8 de março de 2004
Dicionários

No principio, quando Deus resolveu abrir o Verbo, foi de palavra em palavra que em seis dias Ele fez o Mundo. Mas, em seguida, do papo de Eva e a serpente até a fabricação das línguas na Torre de Babel, a palavra selou seu destino, que se resume no tom desdenhoso e amargo do comentário de Hamlet: "Palavras, palavras, palavras...".
De fato, para algo que começou a carreira com o status de condição e fórmula do mundo, a palavra acabar prisioneira de tanta controvérsia é uma prova de decadência difícil de refutar.

Borges tem um conto que ilustra bem o processo. Fala de uma civilização que ao desenvolver obsessivamente a cartografia acaba por fazer coincidir o mapa do país com o próprio território, inviabilizando tanto o país como a arte cartográfica. Talvez seja a isto, a esta passagem da palavra de invocação a véu do mundo, que Wittgenstein se refere quando fala em "enfeitiçamento da linguagem".

Nessa confusão babélica em que as palavras podem ser tanto caminho quanto abismo, os dicionários tornam-se leitura obrigatória, isto é, um lugar comum do qual não é seguro se afastar. Há quem chegue a considerá-los a única leitura "madura", à exceção dos clássicos. Um exagero, claro. Mas não há como negar que dicionários são sempre úteis - seja para esclarecer, seja para confundir, seja simplesmente para divertir.

É no primeiro caso que se inclui "Por dentro das palavras da nossa língua portuguesa", de Domício Proença Filho. Lá se esclarecem muitas dessas pequenas, intermitentes e insolúveis dúvidas que assaltam os que escrevem diariamente e que parecem escapar a toda tentativa de memorização: beneficência ou beneficiência? Bicarbonato ou bicabornato? Cabeleireiro ou cabelereiro? Bugigangas ou bugingangas? Cataclismo ou cataclisma? Aforismo ou aforisma? Disenteria ou desinteria? E por aí vai...

Já "A casa da mãe Joana 2", de Reinaldo Pimenta está entre esses livros que mais diverte do que instrui, o que não lhe tira o mérito, ao contrário, acrescenta-lhe o brilho extra do supérfluo. No rastro do sucesso do primeiro livro, Pimenta soube manter o charme das definições engraçadas de termos e expressões cotidianas que raramente nos perguntamos de onde vêm. Um bom exemplo é a expressão "à beça", que abre o livro.

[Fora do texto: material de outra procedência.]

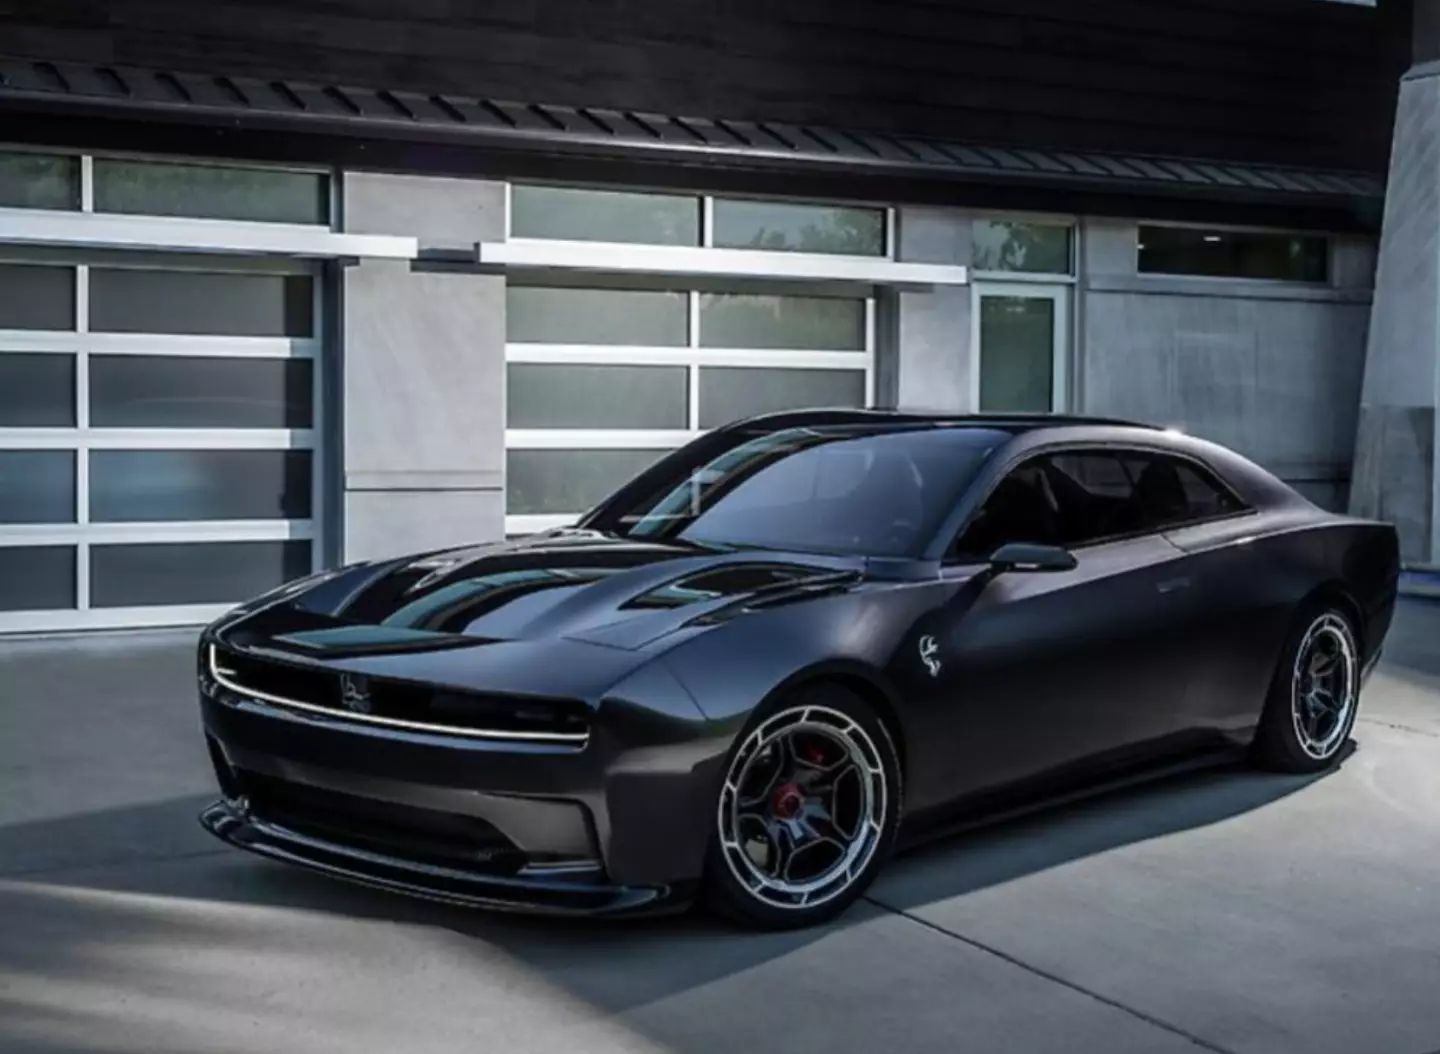 Dodge has unveiled an electric prototype that mimics the roar of a 797-horsepower Hellcat.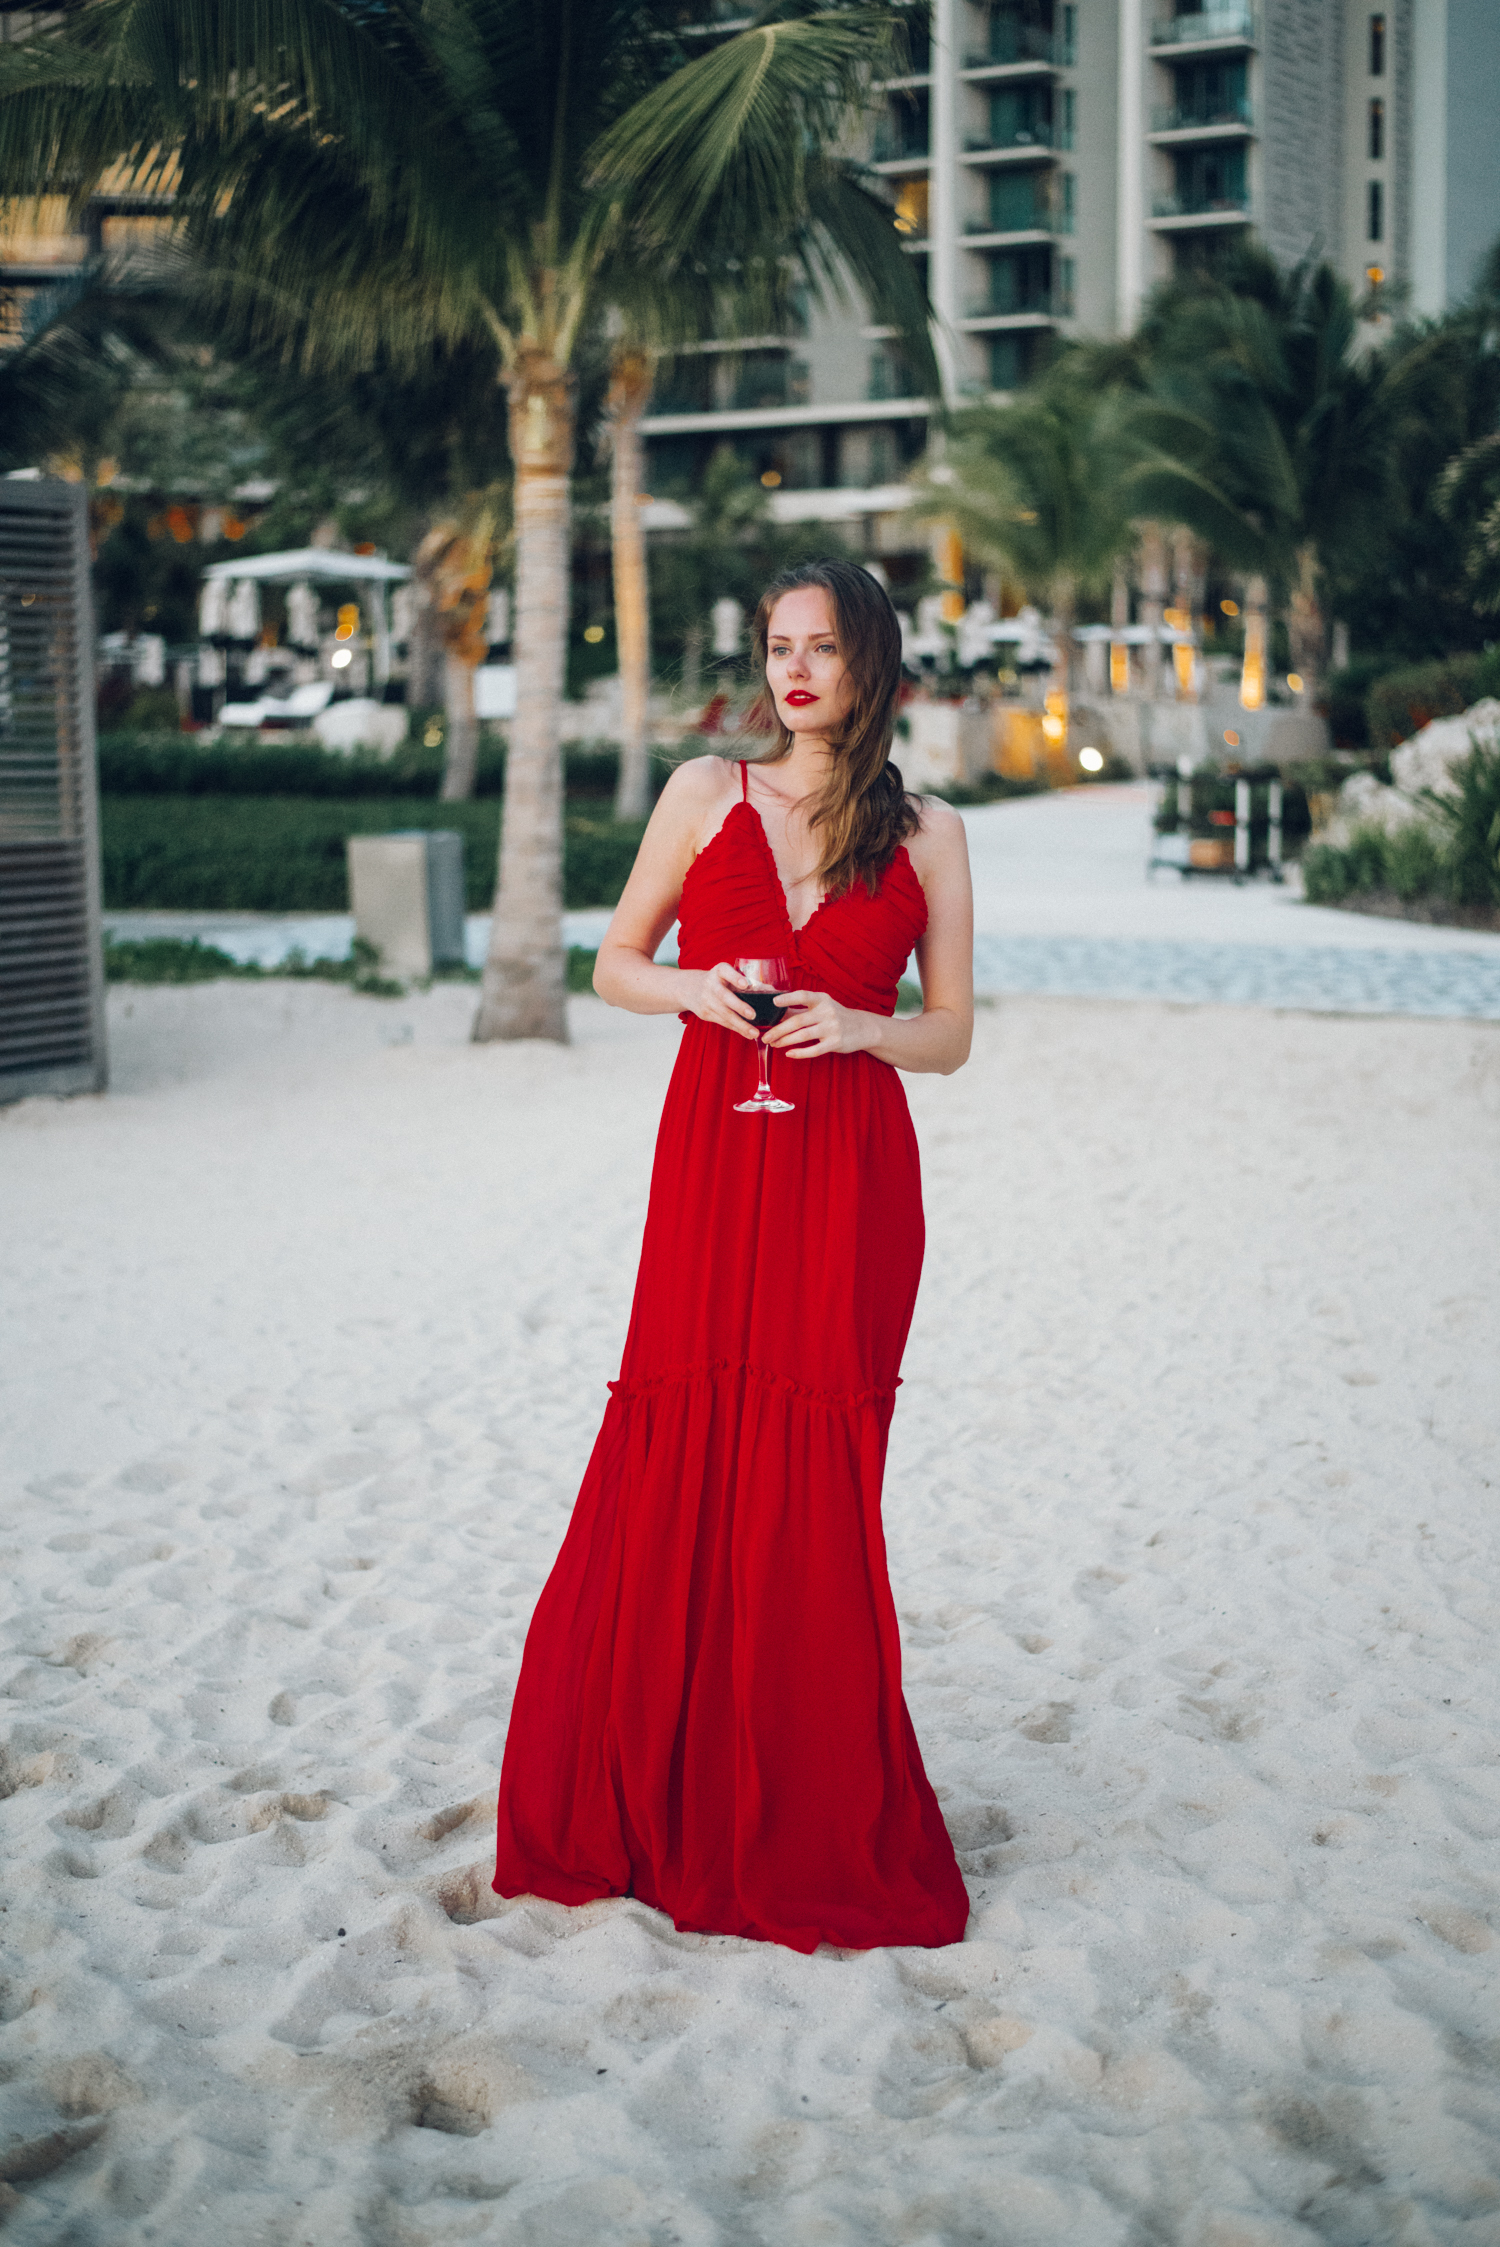 Alyssa Campanella of The A List blog shares her travels of 2018

"À beça" é um legado de Rodrigues Alves, presidente do Brasil de 1902 a 1906. Um certo Gumercindo Bessa havia polemizado com Rui Barbosa sobre a Questão Acreana e apresentara uma lista infindável de argumentos. Venceu literalmente pelo cansaço. Rodrigues Alves, vendo-se pressionado por um correligionário que usava do mesmo artifício para defender um pedido, mandou na lata: "O senhor tem argumentos à Bessa". Estava criada a expressão, talvez a única com chancela presidencial. O mistério é como passou-se dos ss para o ç.

Finalmente, o Dicionário Filosófico, de André Comte-Sponville, está aí, como diria o Chacrinha, não para explicar, mas para confundir - e isto não é uma crítica, como poderia concluir o leitor apressado, mas uma exaltação. Dicionário de filosofia que se preze é sempre um diálogo entre o presente e a tradição - porque talvez não haja outro campo onde as palavras mudem mais de significado com o tempo do que a filosofia. Como o modelo de Sponville é Voltaire, esse diálogo se dá com elegância e ironia. Enfim, uma delícia para quem gosta de filosofia.